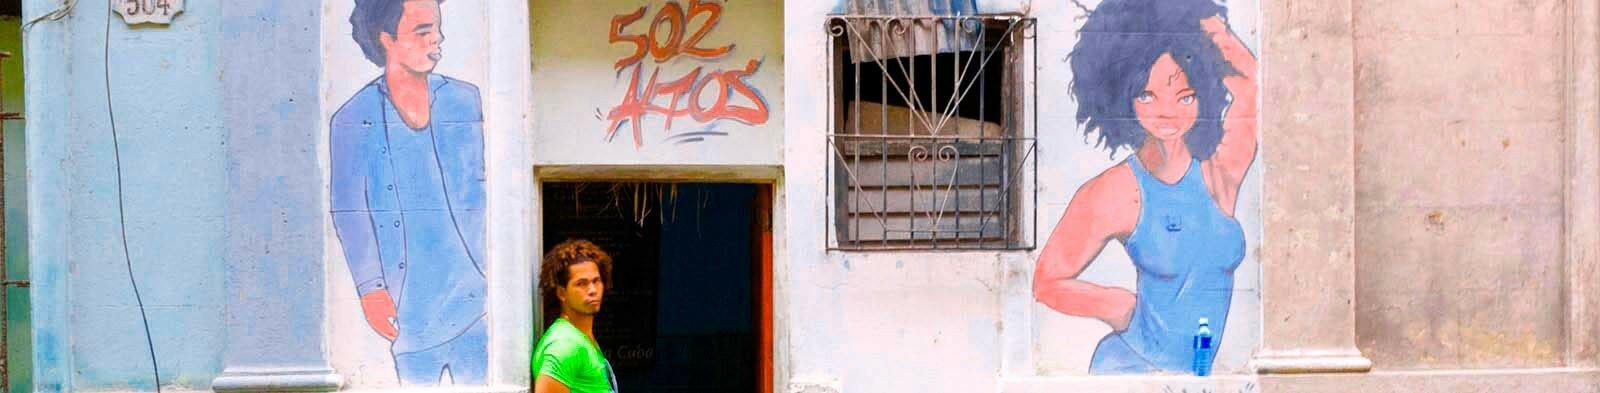 Street scene in Old Havana / Cuba
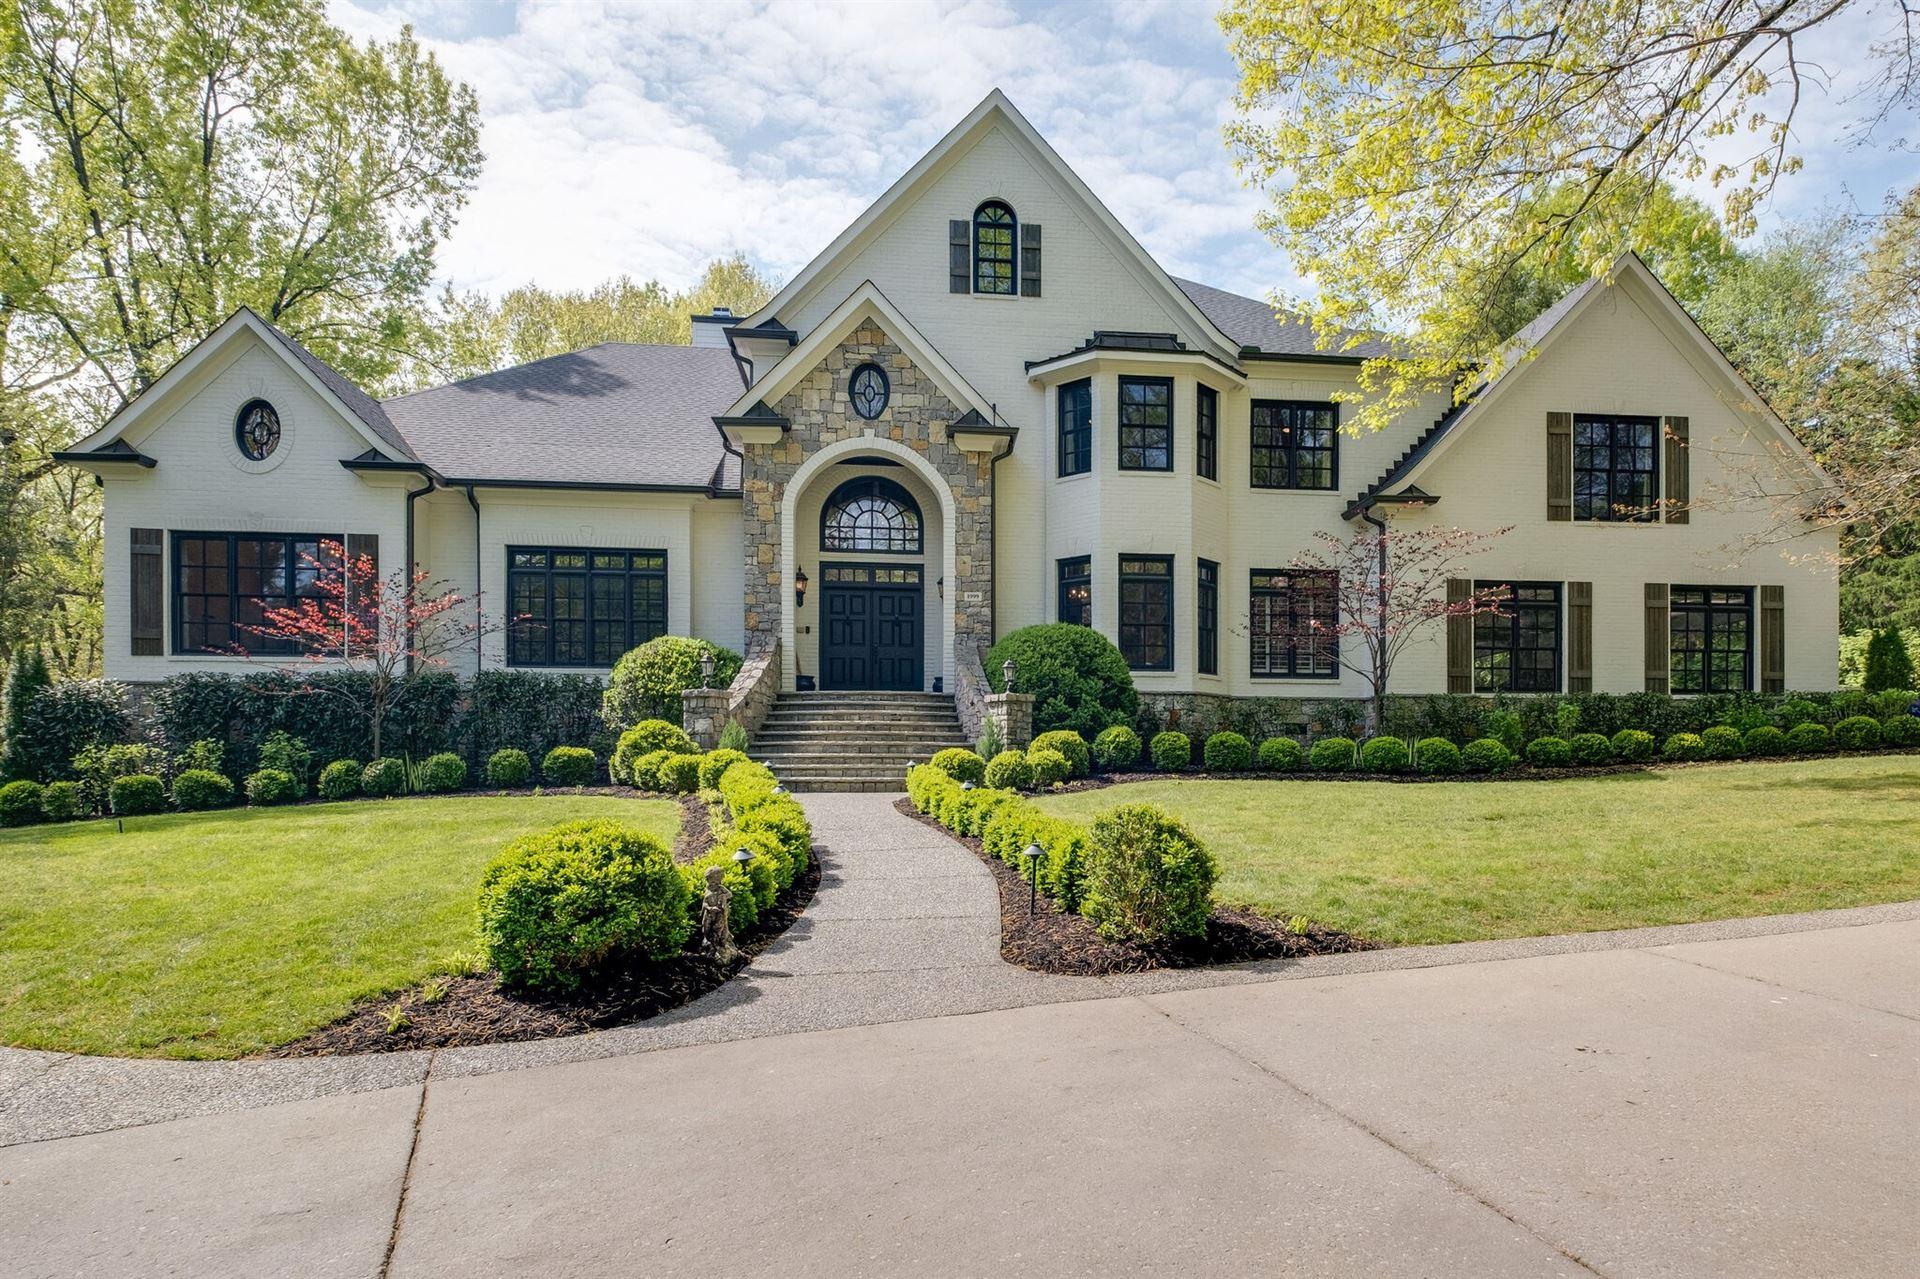 Photo of 23 Bancroft Place, Nashville, TN 37215 (MLS # 2248065)
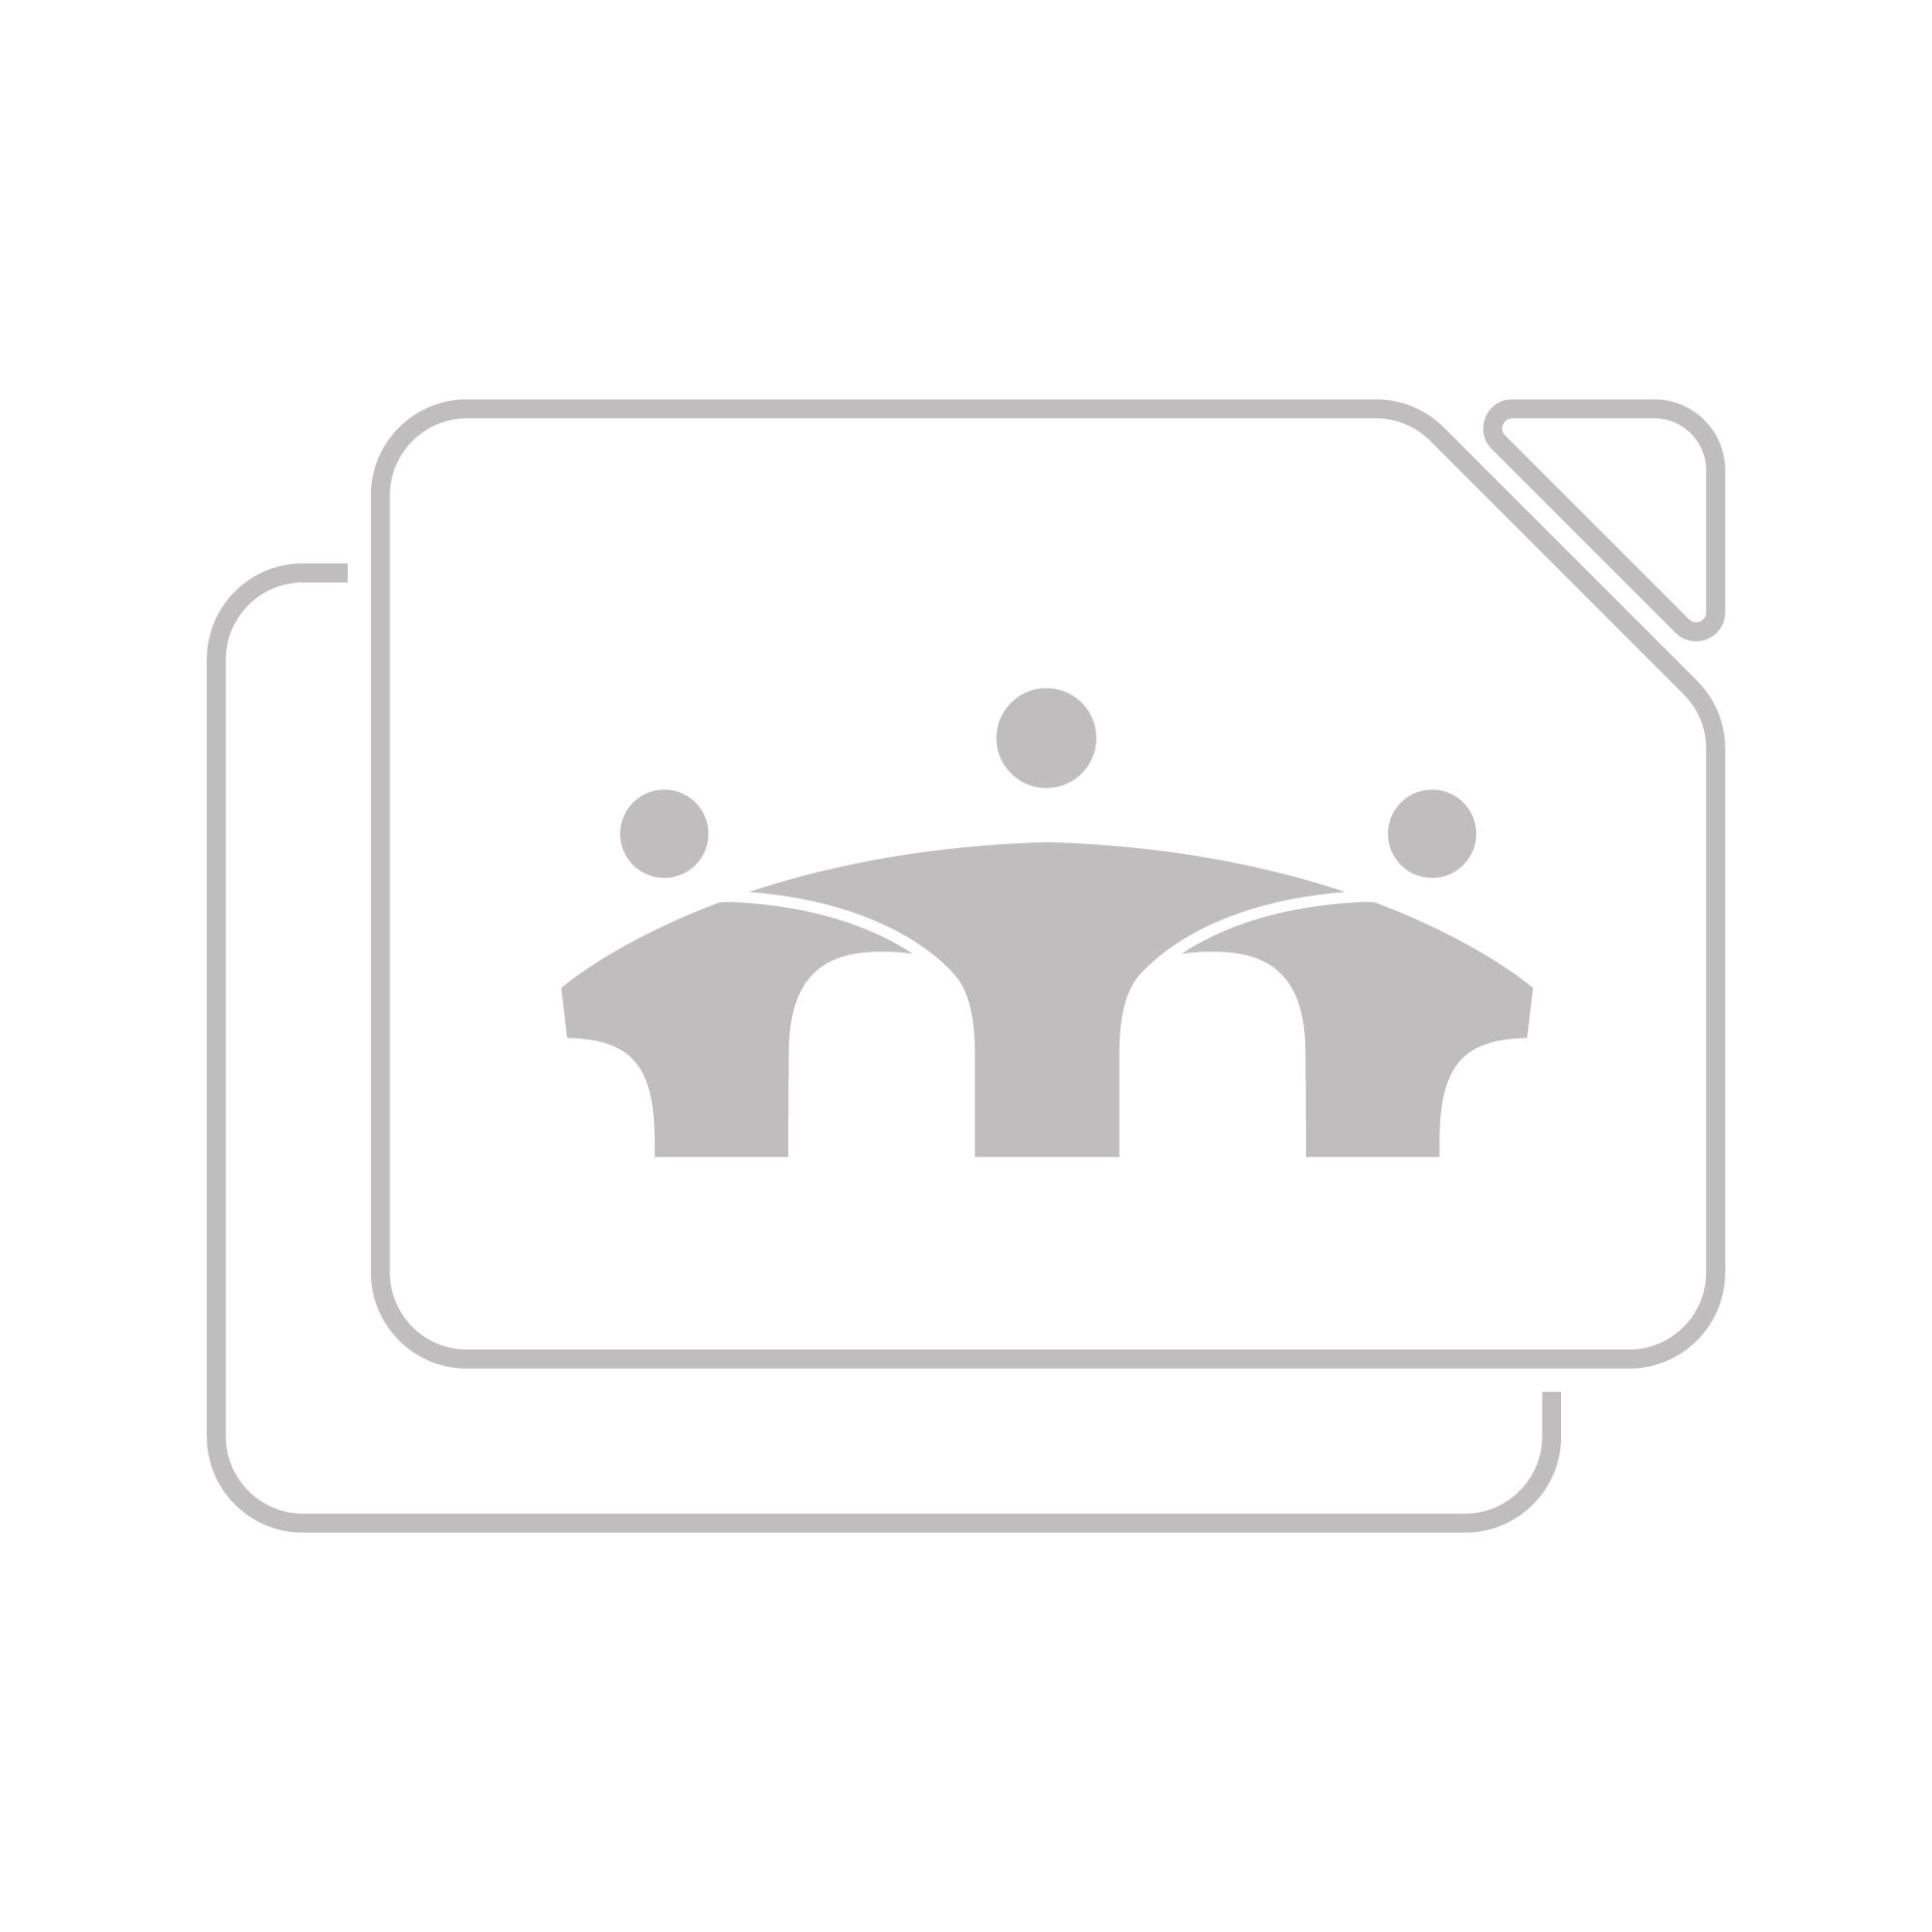 Logitech Logitech Group - N/A - HUB - WW

****************************************

* _WORK ITEM_:
Give all of the material again, exactly, apart from the pictures.

* _SOLUTION_:
 Street scene in Old Havana / Cuba
 Photo of 23 Bancroft Place, Nashville, TN 37215 (MLS # 2248065)
 Logitech Logitech Group - N/A - HUB - WW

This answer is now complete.